Siblis Research provides historical share prices of delisted US companies that have been part of S&P 500 or Russell 2000 indexes in the past. The historical prices delisted shares are part of index specific Researcher Datasets. The researcher datasets includes key historical data of the individual index companies, including outstanding shares, quarterly earnings, market caps and total returns.

Finding delisted stock data from Yahoo Finance

If a company’s share is delisted from NYSE or NASDAQ, the stock might still continue trading on OTC markets under a new ticker. If the trading still continues over-the-counter, the historical prices are still available in Yahoo Finance. The new ticker usually has Q at the end as a sign of bankruptcy proceedings. If you know this new symbol, you can view the stock price history of the company when its share was still traded on a major exchange. The table above shows the OTC or Q-ticker when available. But please be aware that only some of these can still be found from Yahoo.

Reasons for delisting

Delisting means that a company’s share will no longer be traded on a public stock exchange like NYSE or NASDAQ. There are many reasons why a company might delist from a stock exchange. The most common reason is mergers and acquisitions. When looking at previous S&P 500 companies that have been delisted, a large majority is due to M&A actions.

A company can also be delisted when it is taken private by its owners or private-equity firms. Recent examples among old S&P 500 components include PetSmart that was taken private by BC Partners in December 2014 and Safeway that was acquired by Cerberus Capital Management. Private equity funds buy companies they believe are undervalued or the funds think that making changes with the management of their target company will reveal some unleashed market potential.

Corporations can also be forced to delist when they are not fulfilling the requirements of a stock exchange anymore.

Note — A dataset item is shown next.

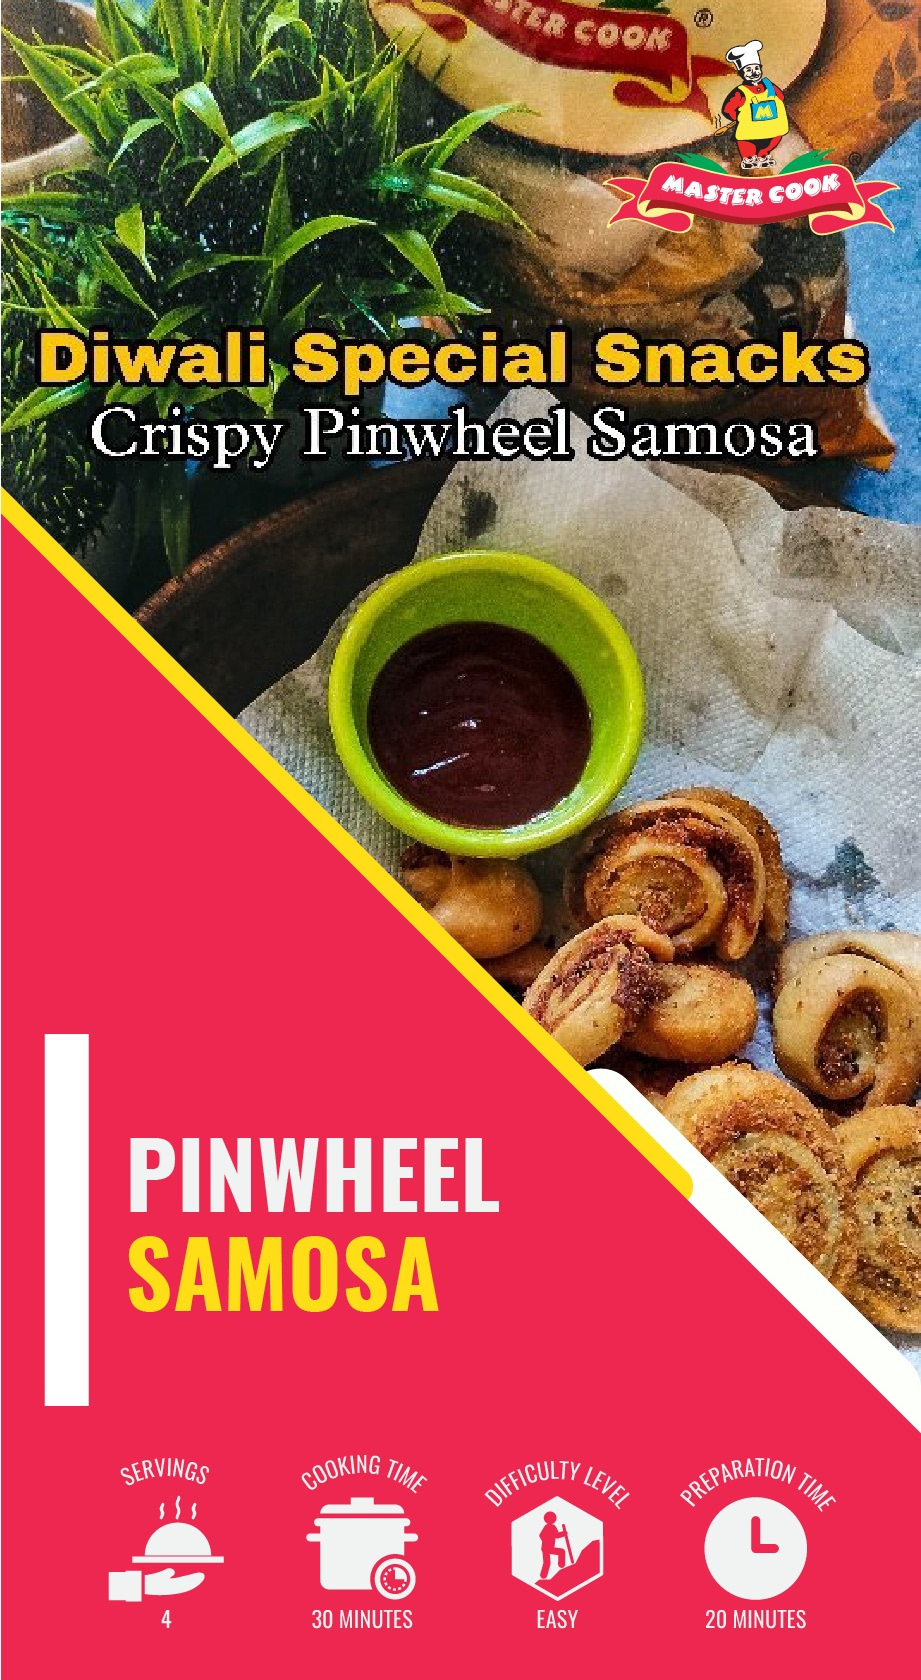 Pinwheel samosa

This happens most often with companies that are on the verge on bankruptcy. When a company files for bankruptcy protection, it can be relisted on over-the-counter trading floors, the Pink Sheets or the OTCBB. There is no law that would prohibit the trading of stocks of companies in bankruptcy. Companies quoted on these markets do not need to meet the minimum requirements of main stock exchanges and they don’t need to do SEC filings. However, these companies usually become penny stocks and buying them is extremely risky.

Being a public company has both positive and negative sides. Public trading increases liquidity and make possible for the owners of the company to capitalize their ownership. But being publicly listed means a lot of regulation and mandatory filings and reporting. It is also argued that being private would help management to concentrate on long-term objectives instead of short-term goals but this view has been often challenged.

Symbol Q at the end of stock ticker

When a company has filed for Chapter 11 bankruptcy, the letter Q is added to the end of the company’s stock ticker symbol. If the company emerges from the bankruptcy, it’s old stock is usually cancelled and will be worthless. Chapter 7 filing means that the company’s stock is liquidated and Q will not be assigned to the ticker symbol. The shares will be paid if any funds are left after paying creditors.

It is also common practice that a company keeps its old share on the secondary market and issues a new stock for the reorganized corporation. The new stock won’t have Q part of it. The Q is never removed from the pre-bankruptcy stock so the separation of share pre- and post- shares will always be clear.

Delisted companies and survivorship bias

Avoiding survivor bias is especially relevant when doing backtesting with stock indexes. If you only evaluate the historical performance of current index components, this will lead to bias results. For unbiased results, you also need data for past index constituents, many of which have been delisted. Most common reason why companies are dropped from S&P 500 is mergers and acquisitions so having data for acquired companies is necessary for accurate backtesting.